Opinión
Jueces propios y vergüenza ajena

Para tranquilidad de traviesos operadores, jueces que ocultan sus deshonestidad detrás de su violencia irracional y otros defectos también irracionales, presidentes que desconocen lo que es el estado de Derecho, ministros gatillo fácil y otros de deuda inflada, juristas que han creído tanto en la justicia legítima hace años como ahora son devotos de la abstención silenciosa de mezquina autodefensa y otros raros especimenes de la triste fauna de nuestra argentina actual de una decadencia multidimensional que da vértigo, la Cámara de Apelaciones en lo Criminal Federal, con la firma de dos jueces colocados por caminos no constitucionales por este gobierno, han fallado como lo anunciaba el diario Clarín y su cadena de repetidoras, y confirmaron los dilates que en la causa de las fotocopias de los cuadernos había establecido el juez a cargo de la instrucción, Claudio Bonadio.

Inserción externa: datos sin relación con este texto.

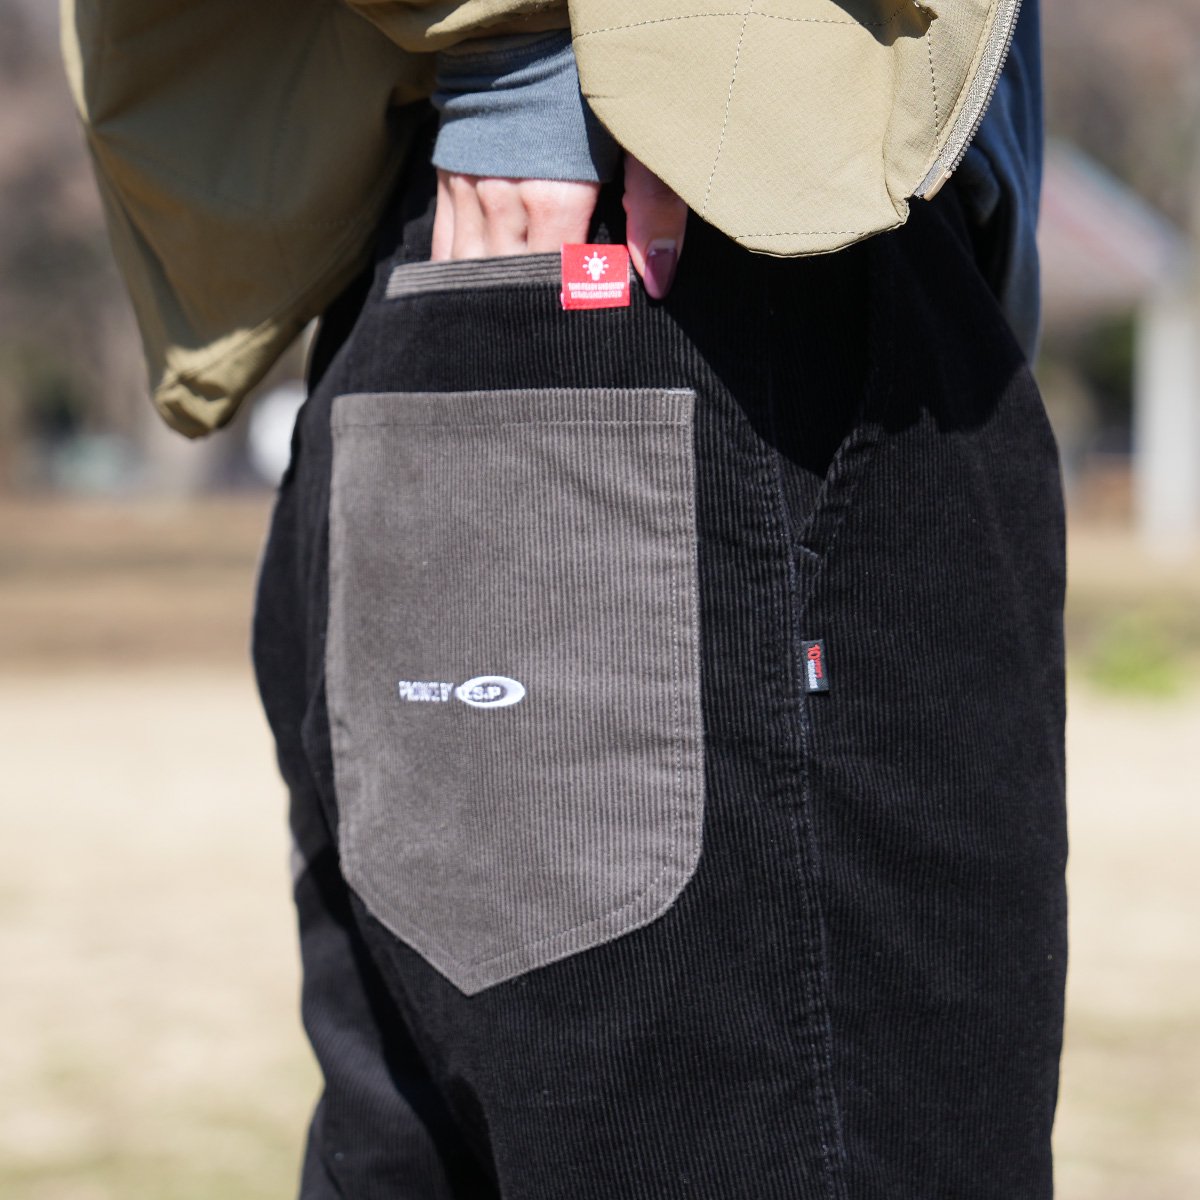 <img class='new_mark_img1' src='https://img.shop-pro.jp/img/new/icons63.gif' style='border:none;display:inline;margin:0px;padding:0px;width:auto;' />3A corduroy ankle pants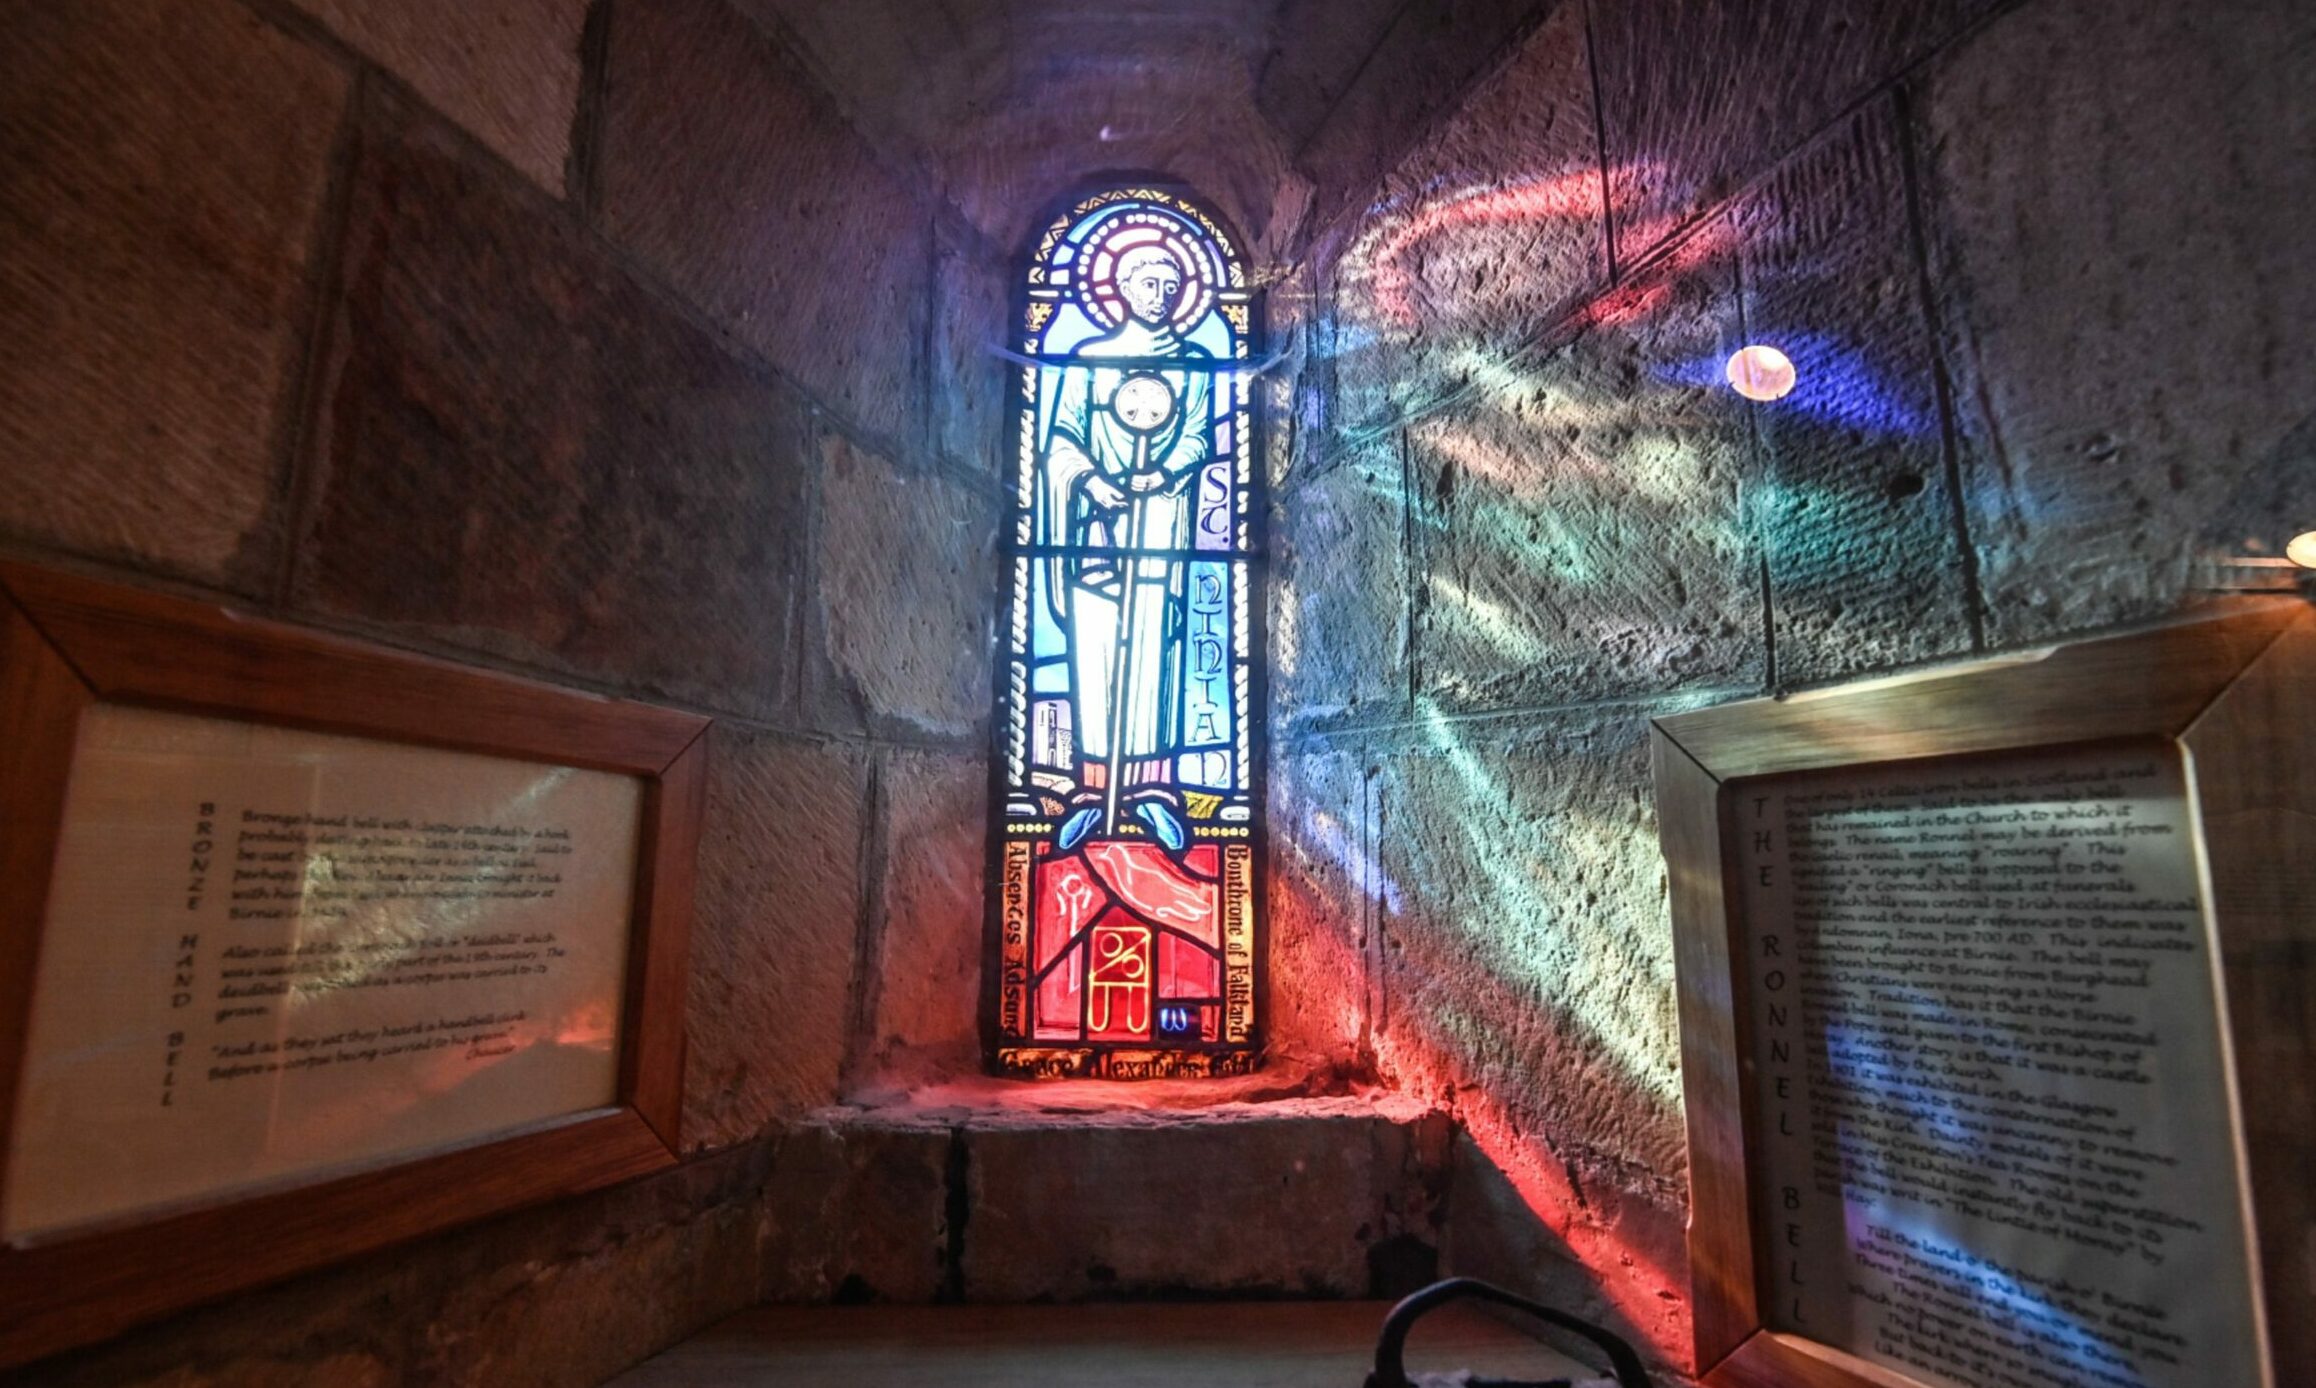 Colourful light bursting through stained glass window.

En días previos a la resolución de confirmación del procesamiento por parte de la Cámara Federal, algunos medios de comunicación expusieron de forma clara y precisa los lineamientos del fallo, los intereses involucrados y los actores que coordinaron dichos resultados llegando a sostener incluso el fallo como “un regalo de Papá Noel a los empresarios”.

Los acuerdos no sólo son publicados con días de anticipación y lineamientos concretos de cómo serán resueltos los planteos en razón de las voluntades que ejercen presión, en particular desde el Poder Ejecutivo, sino que incluso la resolución llegó horas antes a los periodistas, los diarios, luego al CIJ y recién horas después a las distintas defensas involucradas en el proceso.

Esta decisión debe ser definida sin dudarlo como inmoral, desigual, antijurídica, inconstitucional, arbitraria, falsa en sus fundamentos, y un ejemplo de la profundidad que posee la crisis de legitimación del sistema judicial, en particular el penal, en particular el federal, en particular el que tiene su asiento en la Capital Federal, en particular el que proviene de las plumas puestas al servicio por este gobierno. 

Por otro lado, la resolución en sus ochenta páginas no trata prácticamente ninguno de los vicios desarrollados por las defensas. Desde la utilización de fotocopias imperitables como elemento de prueba, la ausencia de pruebas por fuera de las declaraciones de los “arrepentidos”, la utilización errónea de la figura a través de una aplicación inconstitucional en este caso, la imposibilidad de peritar los cuadernos, la imposibilidad de peritar las fotos de los cuadernos, la imposibilidad de participar en el control de la prueba, impidiendo a las defensas intervenir en las declaraciones testimoniales –que son casi inexistentes–; solo hay declaraciones de imputados tratados como testigos que se interrogan a puertas cerradas, sin que se registren técnicamente como exige la ley y sin que participen lo abogados del resto de las partes, luego de lo cual se produce la tergiversación de las declaraciones entre otros agravios.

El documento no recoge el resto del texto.